Carl Bernstein Slams Jeff Bezos Over Washington Post Staff Cuts
Carl Bernstein joined Bob Woodward, Marty Baron and many other journalists in speaking out against Washington Post owner Jeff Bezos after the paper made sweeping cuts to its staff on Wednesday.
Bernstein, one half of the legendary duo that led the historic newspaper’s Watergate investigation, took to Instagram on Friday to decry the slashing of one third of the Post’s staff in a move that executive editor Matt Murray called a “strategic reset.”
“The guiding proverb of the Washington Post as enshrined on the Post’s masthead still declares that ‘Democracy Dies in Darkness,’” Bernstein wrote. “Yet Jeff Bezos’ decision to cut the news staff of the Post by almost one third, gutting and eliminating reportorial departments from the Middle East to sports to the paper’s metropolitan coverage, sends yet another powerful message from its owner at odds with that declaration.”
He continued: “Over several generations the Post has come to represent far more than just another media business proposition: Rather, as Bezos once seemed to understand, it embodies the promises of the First Amendment as a shining light of American democracy.” You can view the full statement below.
Bernstein went on to speak to the Post’s legacy, saying that he and Woodward aimed to find “the best obtainable version of the truth” in all their reporting. It’s a sentiment Bernstein called indicative of the Post’s overall mission — one that “must not be allowed to wither and die under the ownership and leadership of Bezos or anyone else.”
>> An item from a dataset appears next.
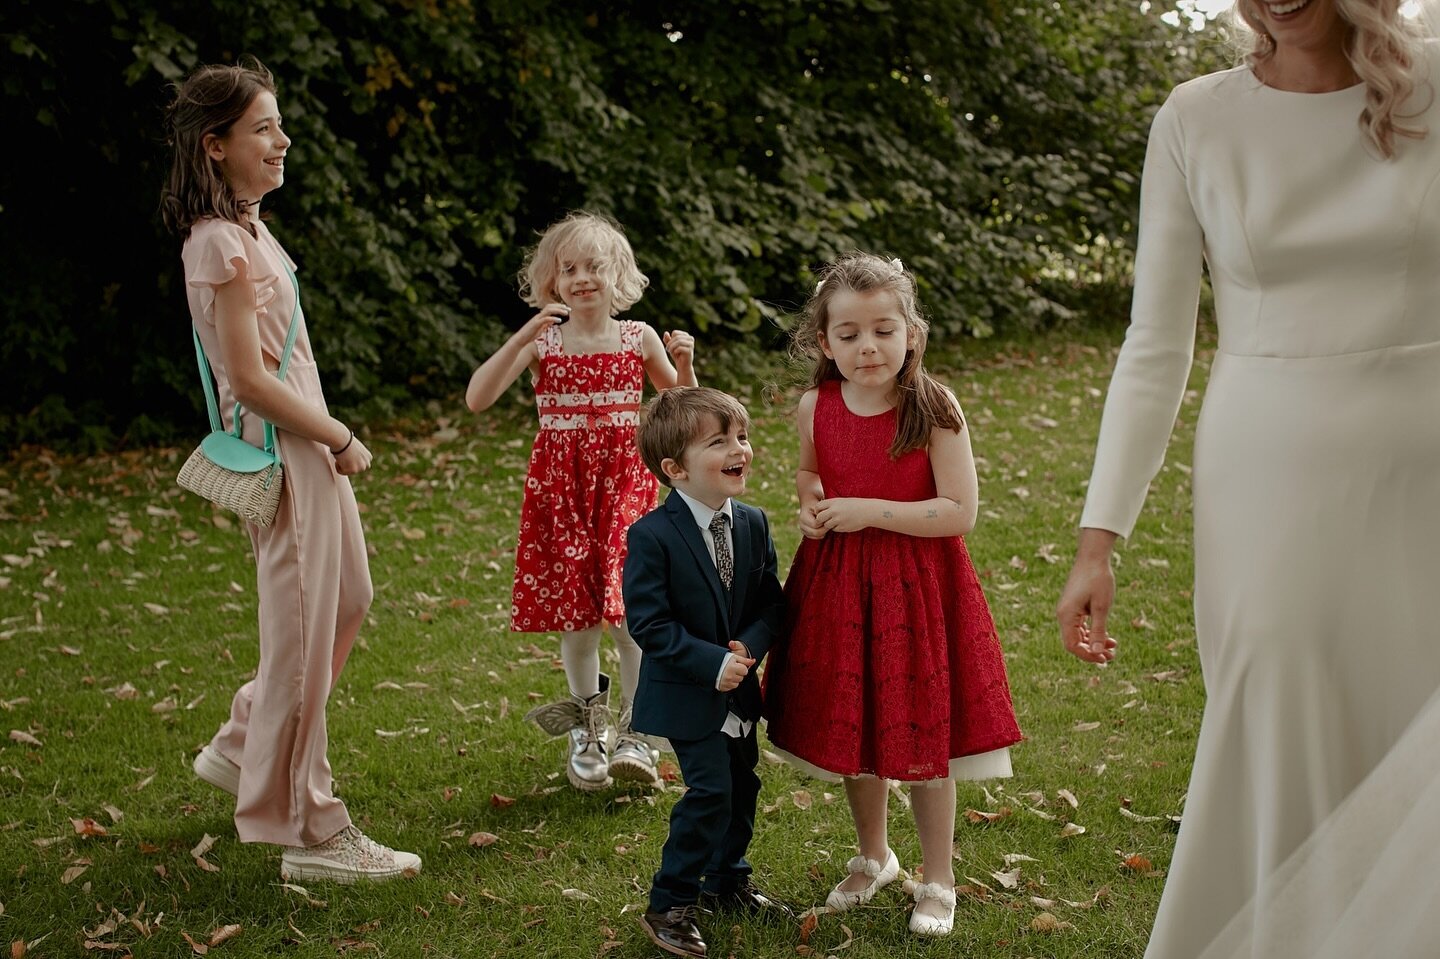 The absolute pure joy and awe in his little face 😭 Kids always bring such magical moments at weddings. 

#irishweddingphotographer #irishwedding #weddingphotographer

“Today’s owner of the Washington Post is one of the five richest people on the planet,” Bernstein further wrote. “His responsibilities ought to be, above all, to enlarge those journalistic and democratic possibilities: and not, as we have witnessed this past year at Jeff Bezos’ Washington Post, to curtail or demean them.”
Bernstein’s comments come just hours after Woodward — whom Bernstein worked alongside on coverage of the Watergate scandal — released his own statement.
“I am crushed that so many of my beloved colleagues have lost their jobs and our readers have been given less news and sound analysis,” Woodward posted on X. “They deserve more.”
On Wednesday, famous Post editor Marty Baron similarly spoke out against the layoffs, calling the paper’s modern era “the darkest days in history of one of the world’s greatest news organizations.”